§ **SOURCE MATERIAL**:
--------

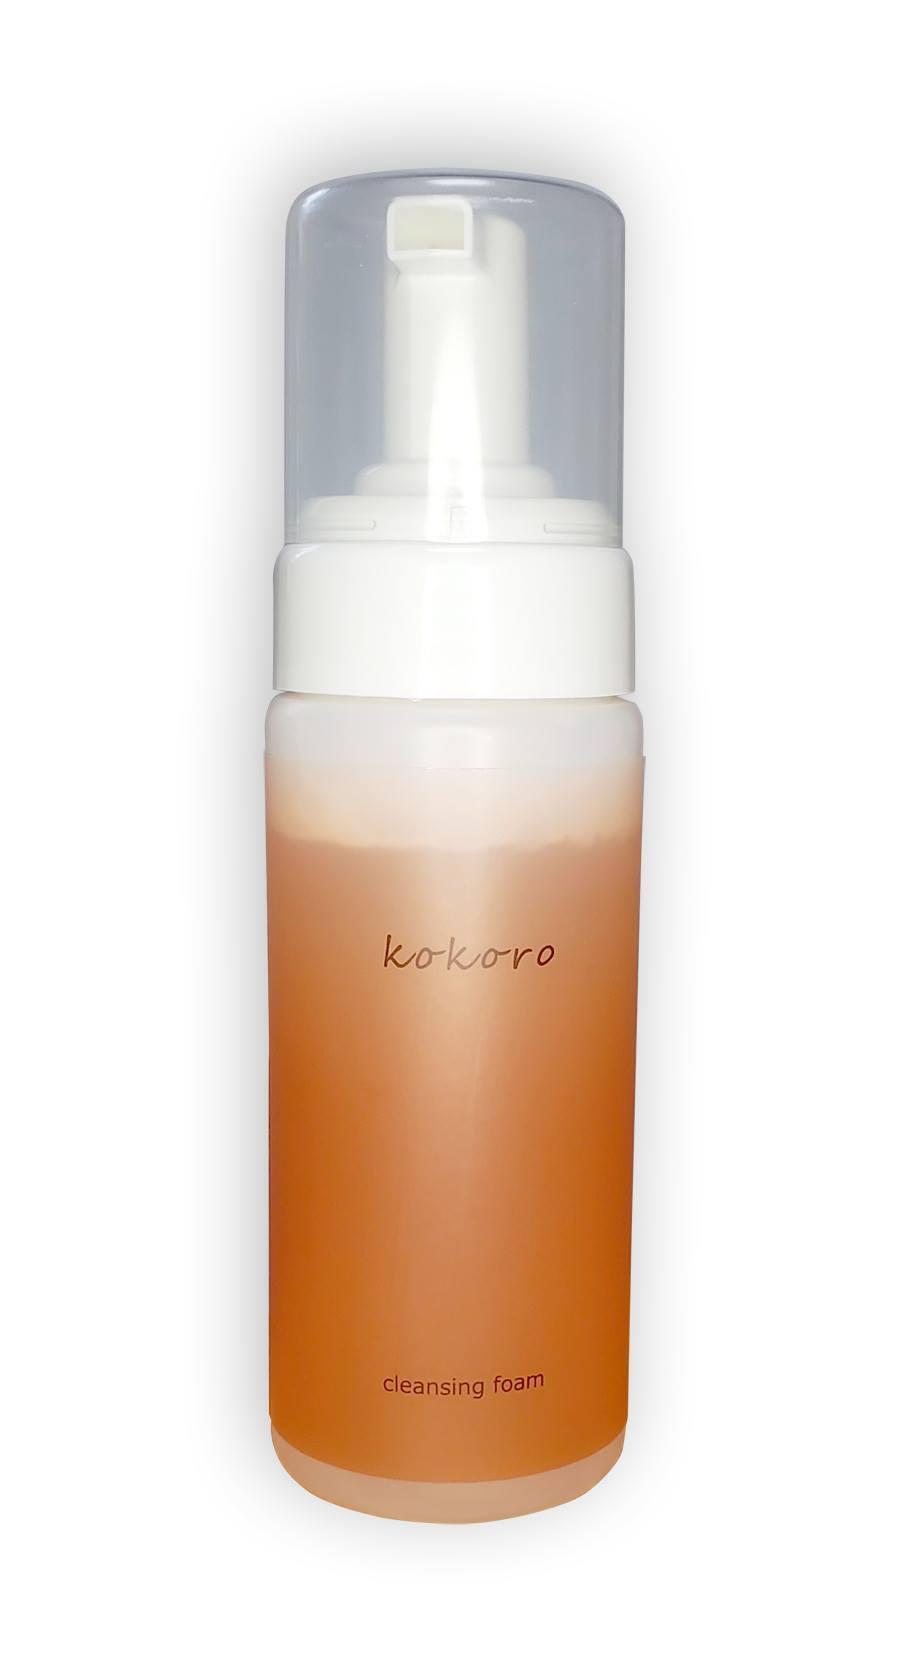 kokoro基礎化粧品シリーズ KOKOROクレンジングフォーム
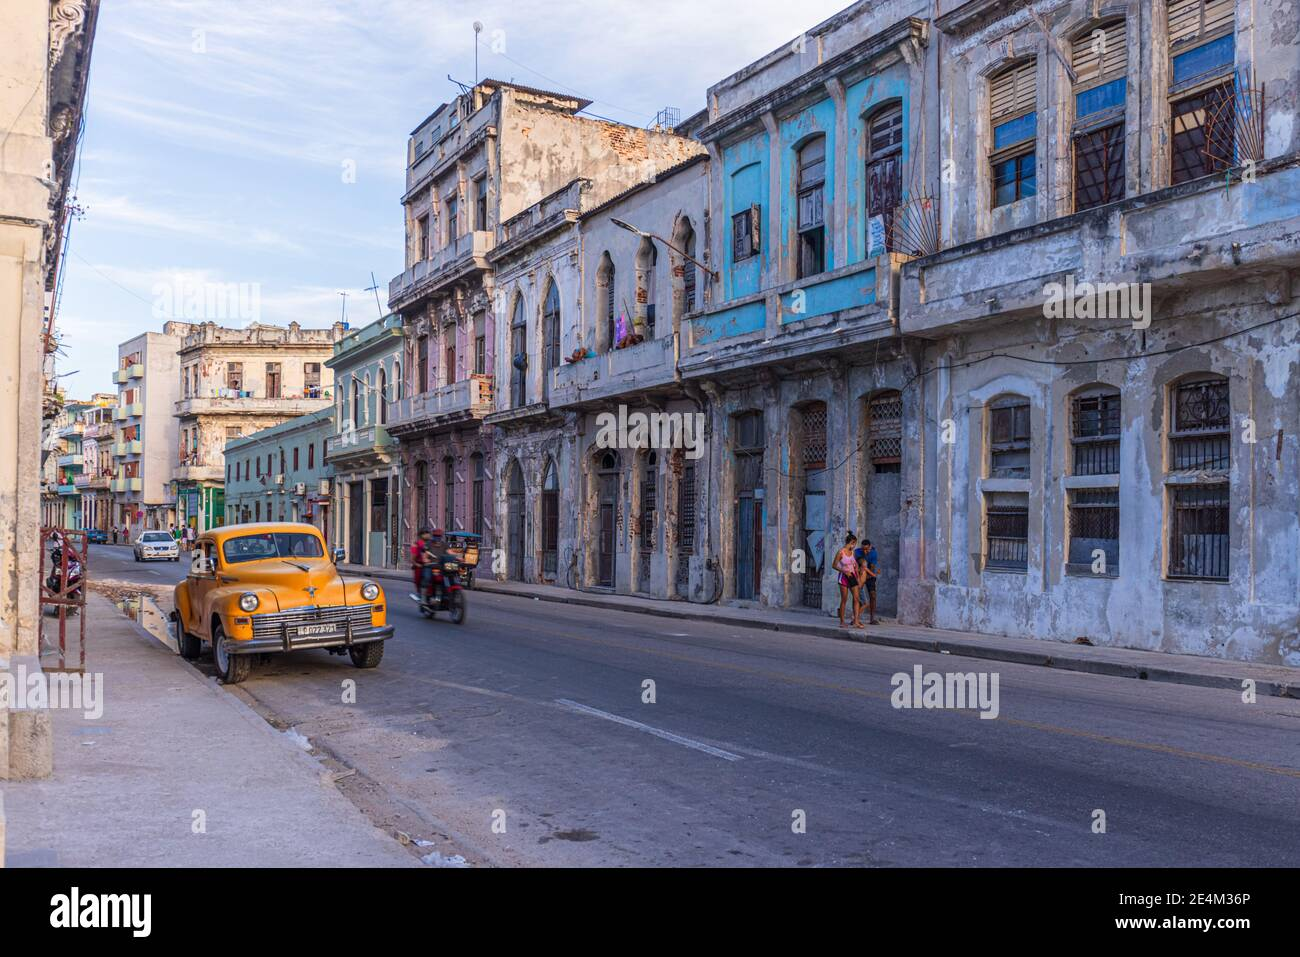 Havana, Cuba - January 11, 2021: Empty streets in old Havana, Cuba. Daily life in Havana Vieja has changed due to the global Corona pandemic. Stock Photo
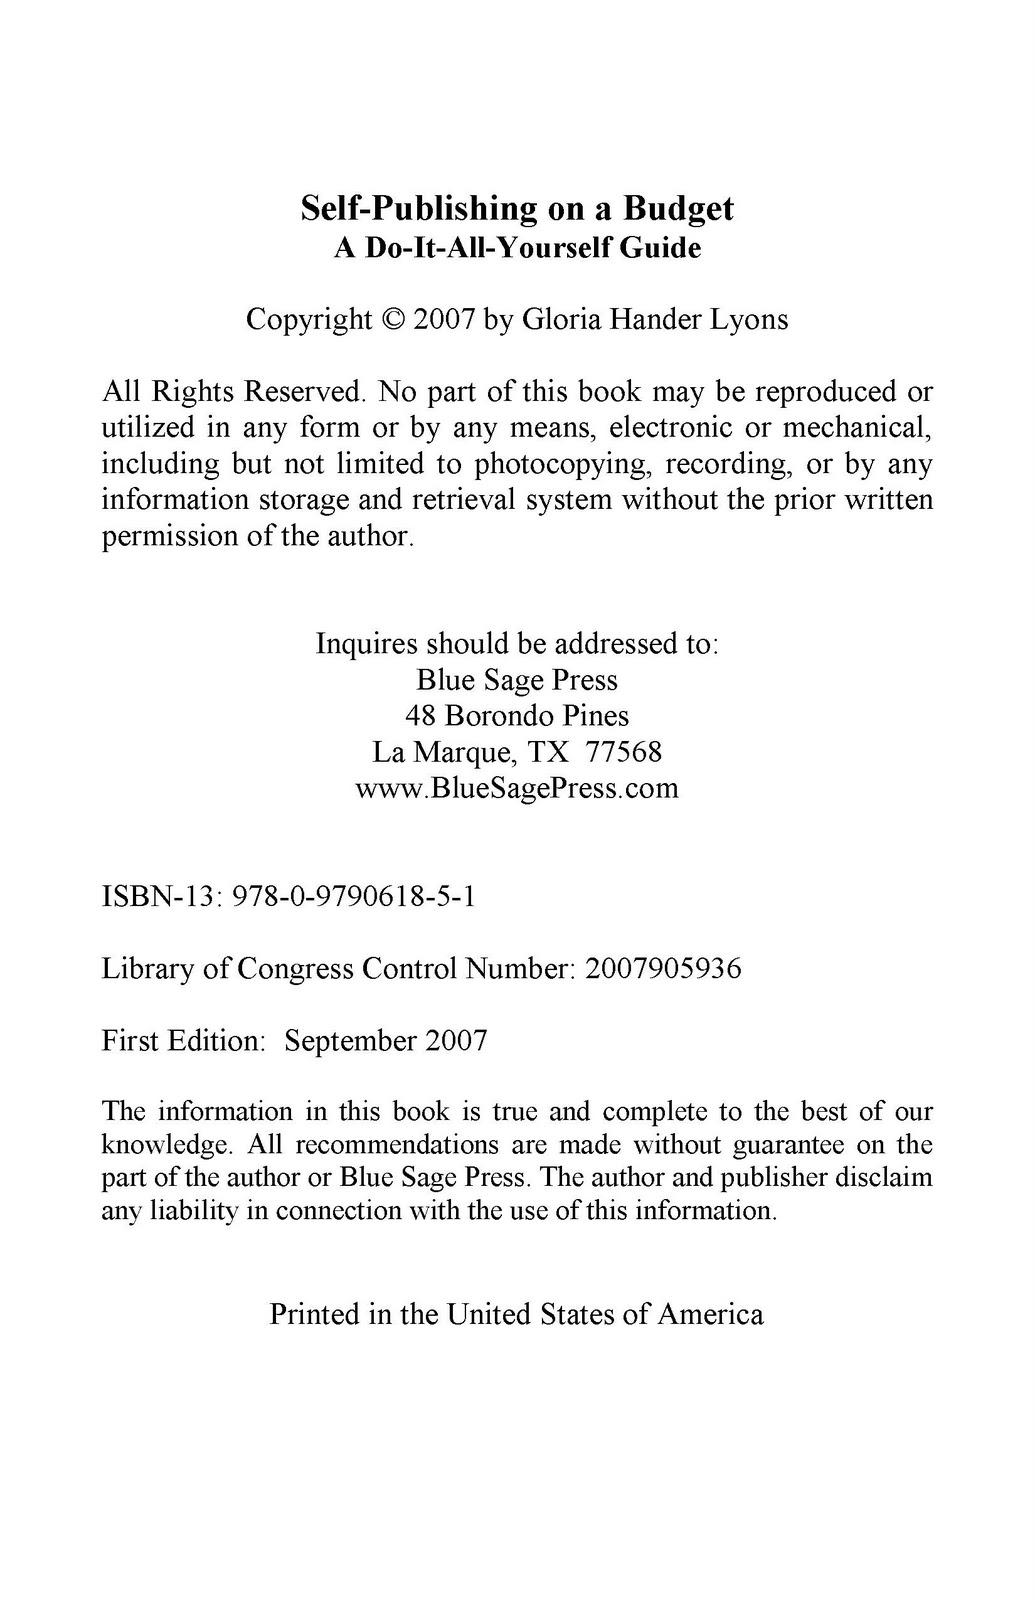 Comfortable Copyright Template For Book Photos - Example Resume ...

--------

§ **YOUR GOAL**:
Omit the pictures, then retype the remaining material without a single change.

§ **RESPONSE TO THIS TASK**:
 kokoro基礎化粧品シリーズ KOKOROクレンジングフォーム
 Havana, Cuba - January 11, 2021: Empty streets in old Havana, Cuba. Daily life in Havana Vieja has changed due to the global Corona pandemic. Stock Photo
 Comfortable Copyright Template For Book Photos - Example Resume ...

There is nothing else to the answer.